**Activity:** Your reply should contain the whole listing below, repeated exactly, and no images.
*** Opening of Data under study ***
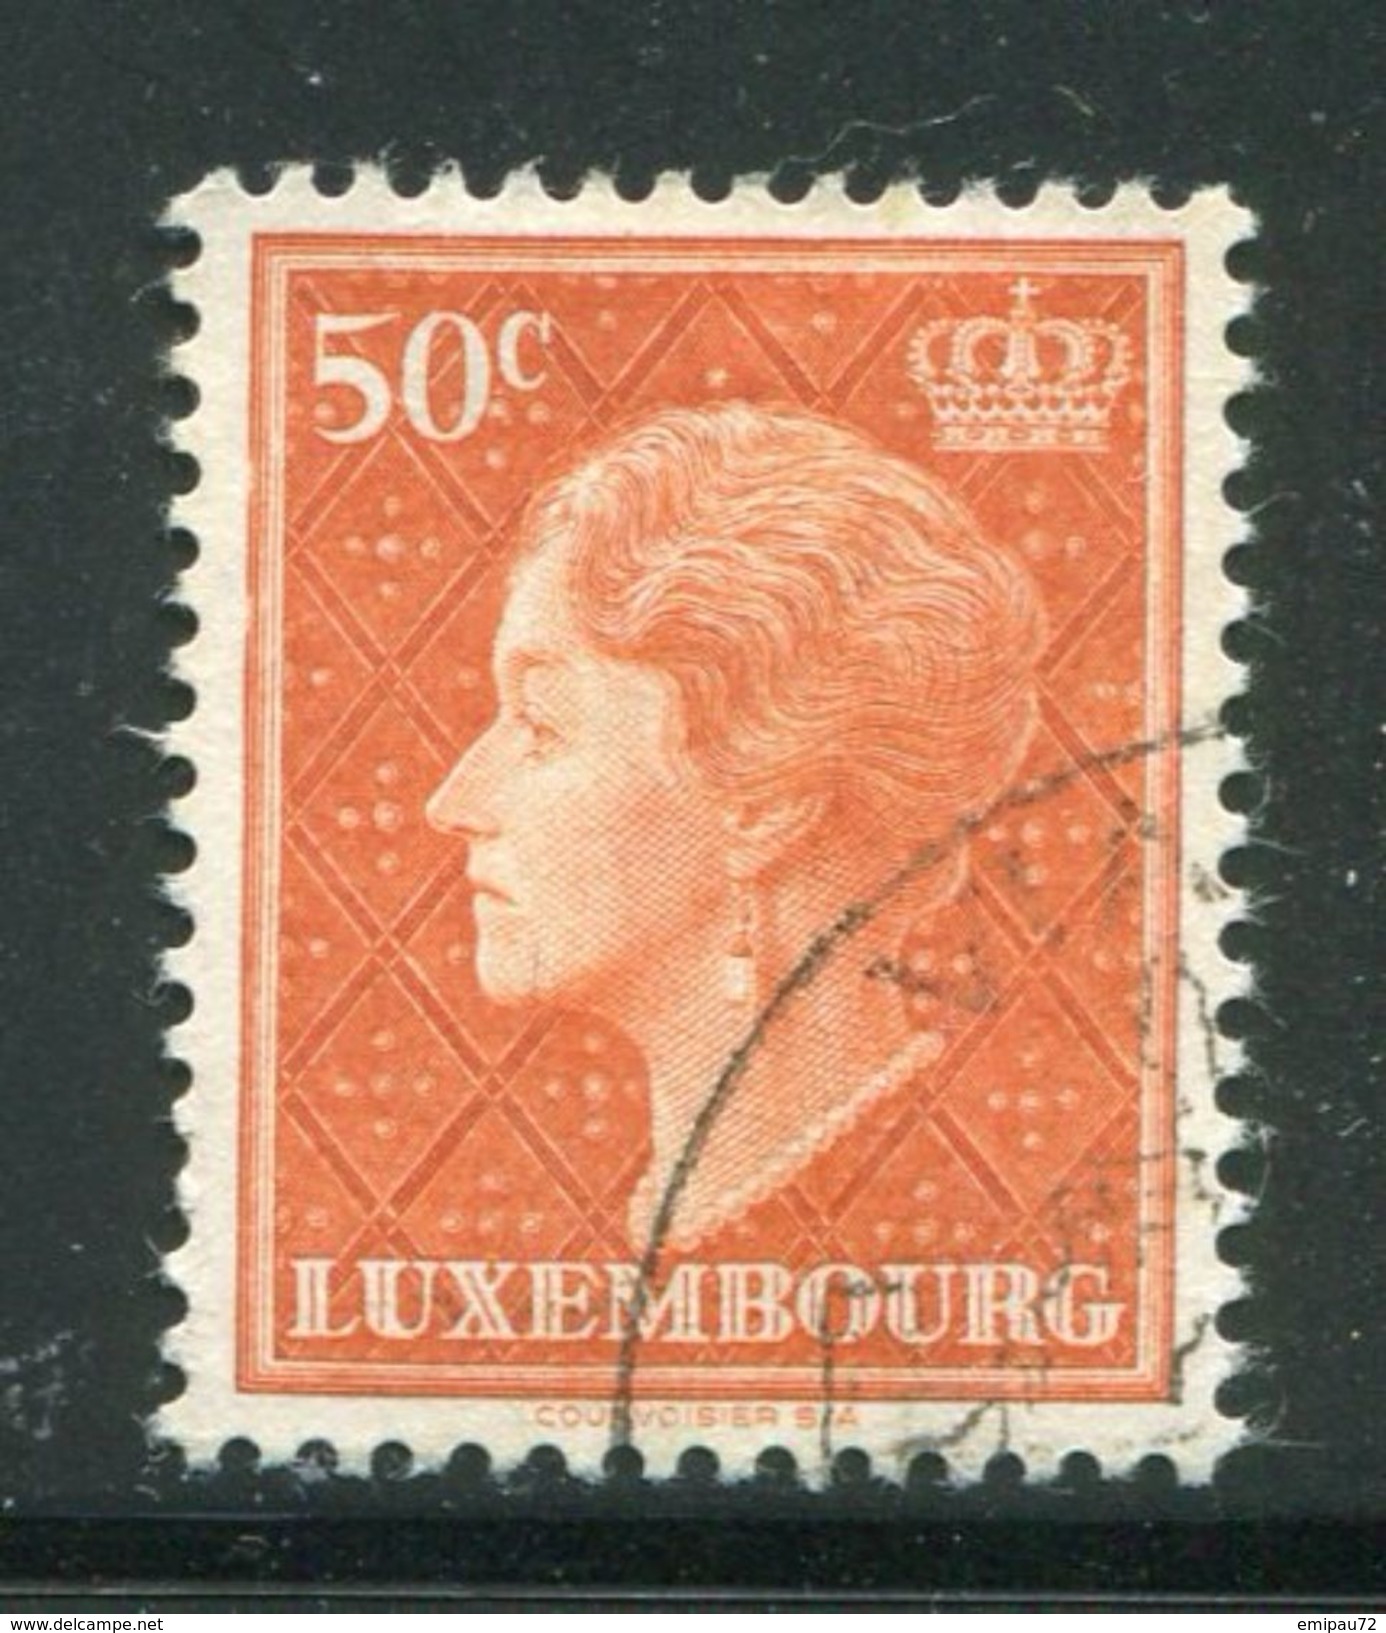 LUXEMBOURG- Y&T N°546- Oblitéré - 1948-58 Charlotte Left-hand Side
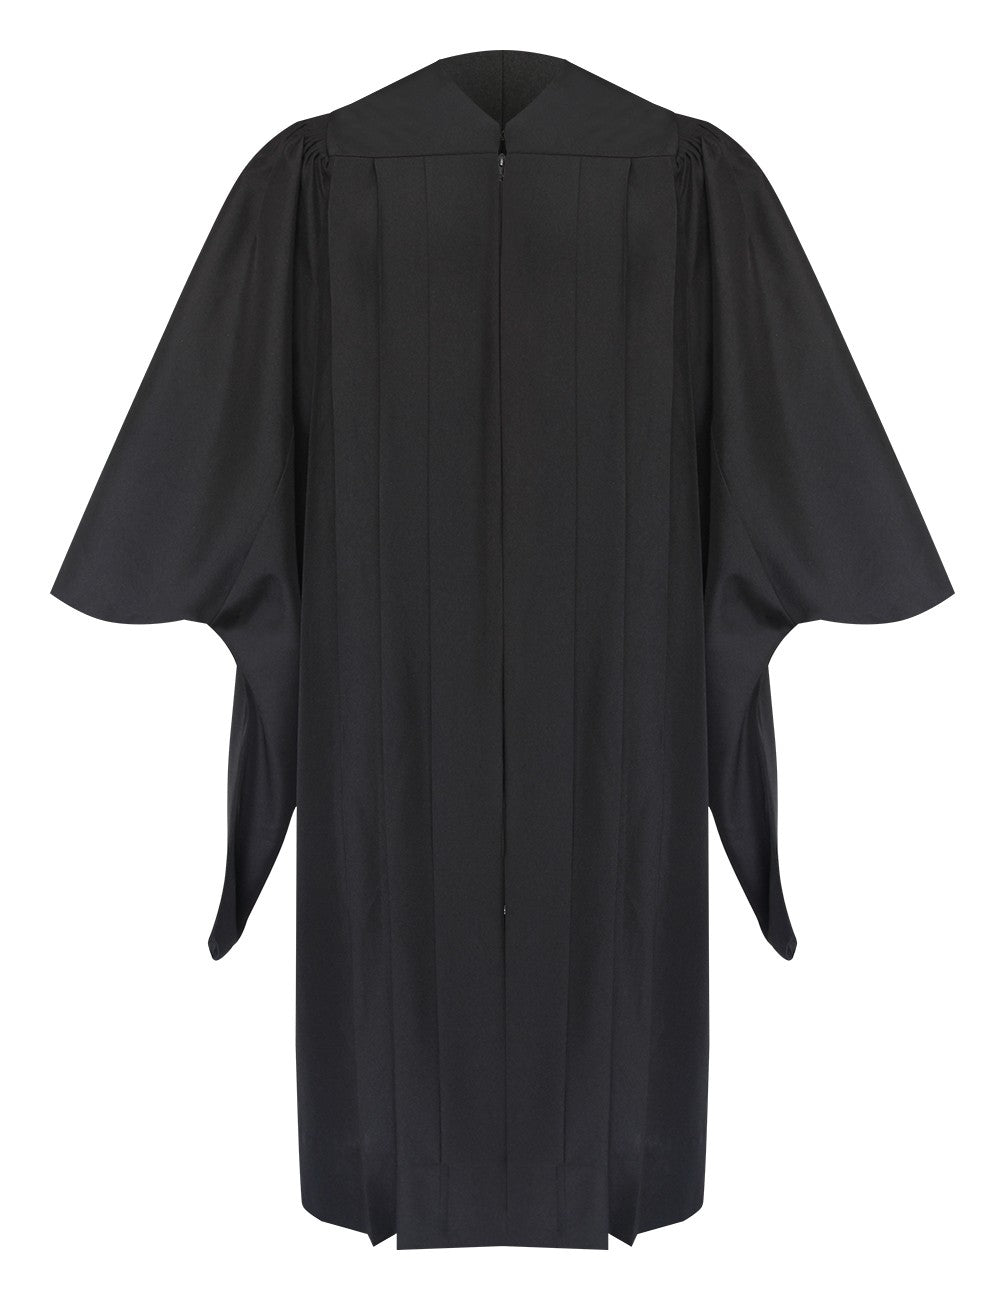 Deluxe Masters Graduation Gown - Academic Regalia - Graduation Cap and Gown
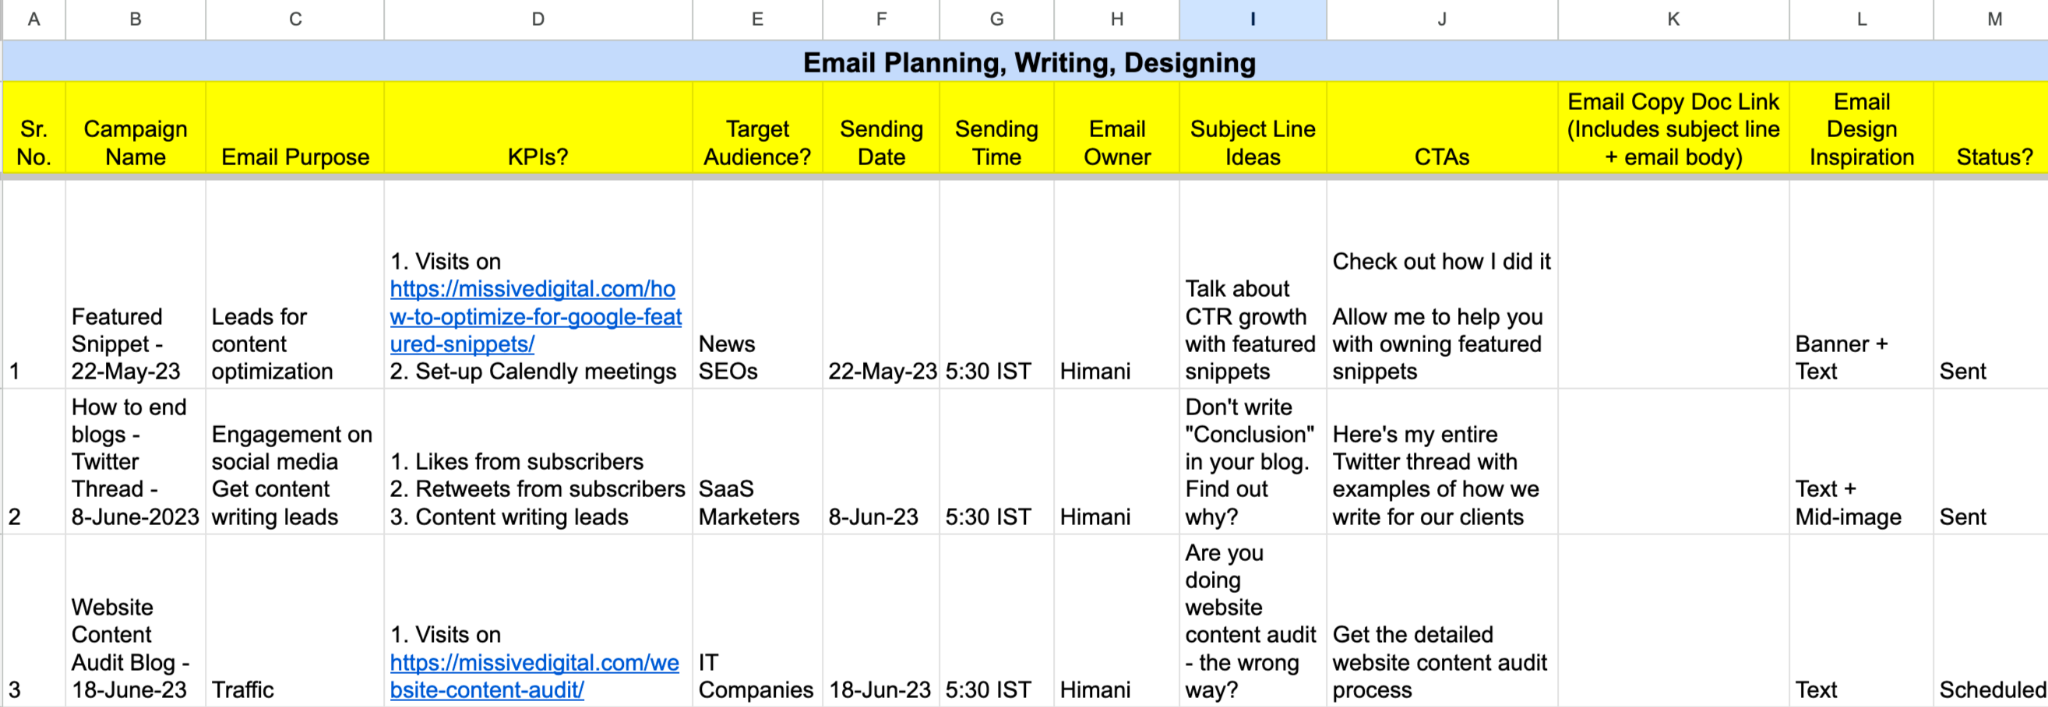 Email marketing calendar by Missive Digital
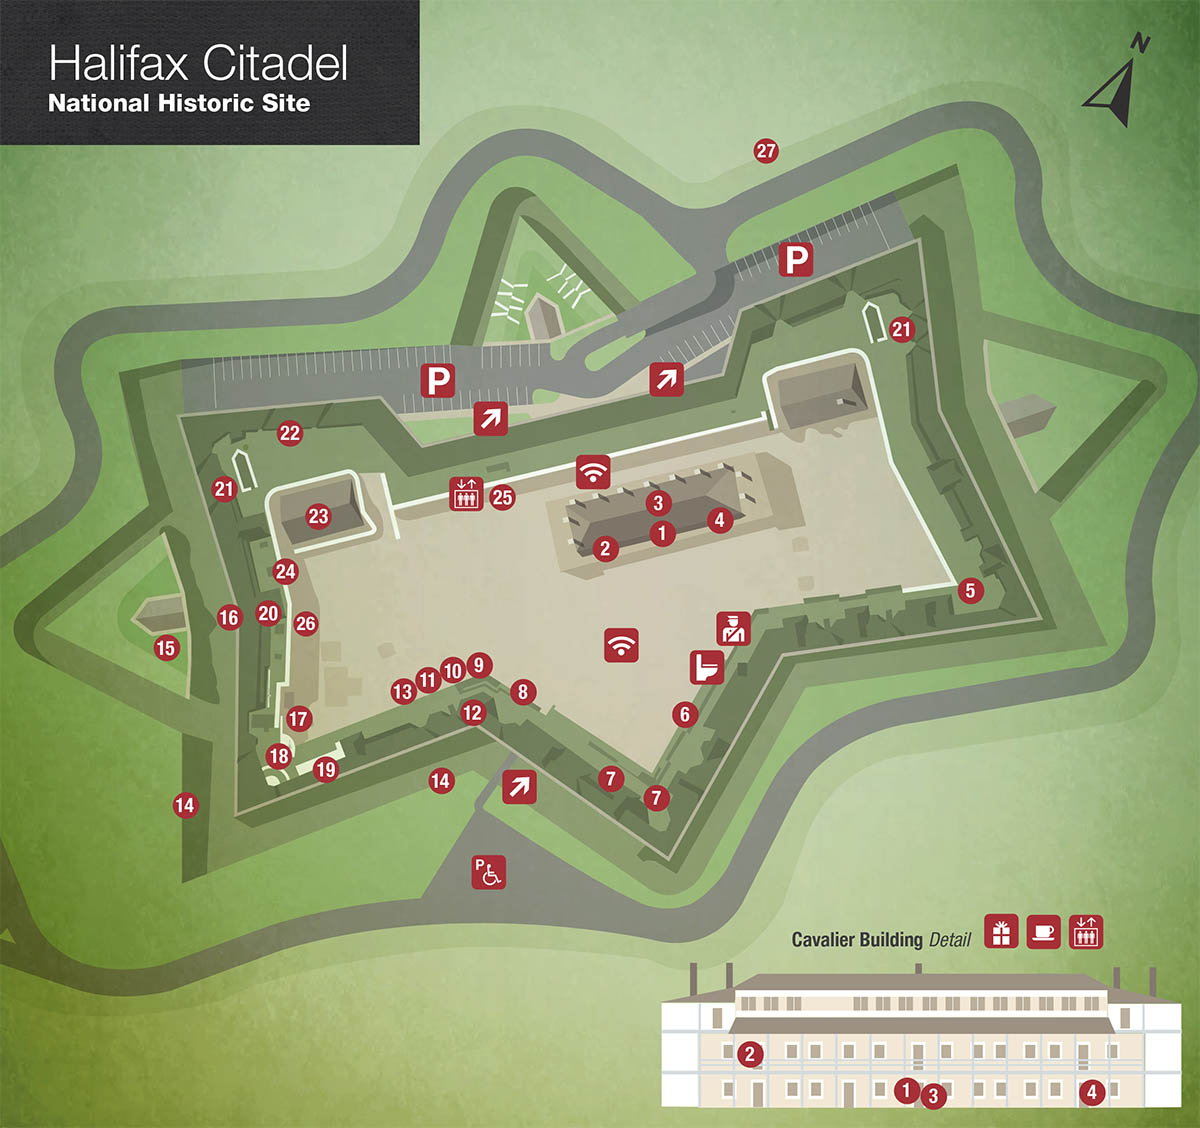 Map of Halifax Citadel
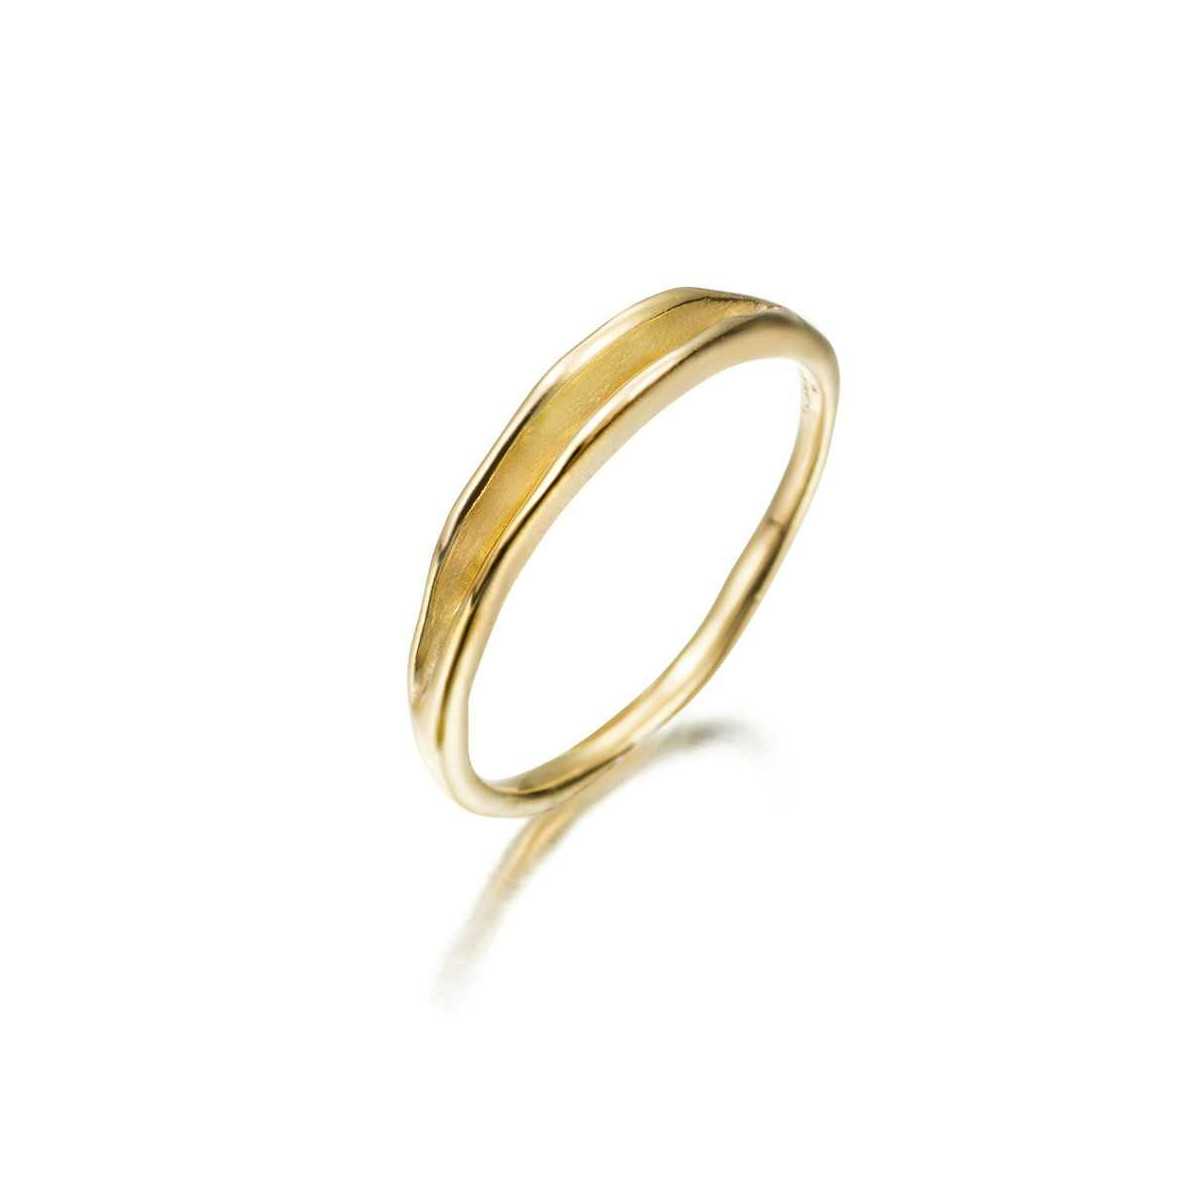 ODYSSEY Ring in Silver. 18k Gold Vermeil
*** Close of Data under study ***
**Your response:**
 LUXEMBOURG- Y&T N°546- Oblitéré - 1948-58 Charlotte Left-hand Side
 Deluxe Masters Graduation Gown - Academic Regalia - Graduation Cap and Gown
 Email marketing calendar by Missive Digital
 Map of Halifax Citadel
 ODYSSEY Ring in Silver. 18k Gold Vermeil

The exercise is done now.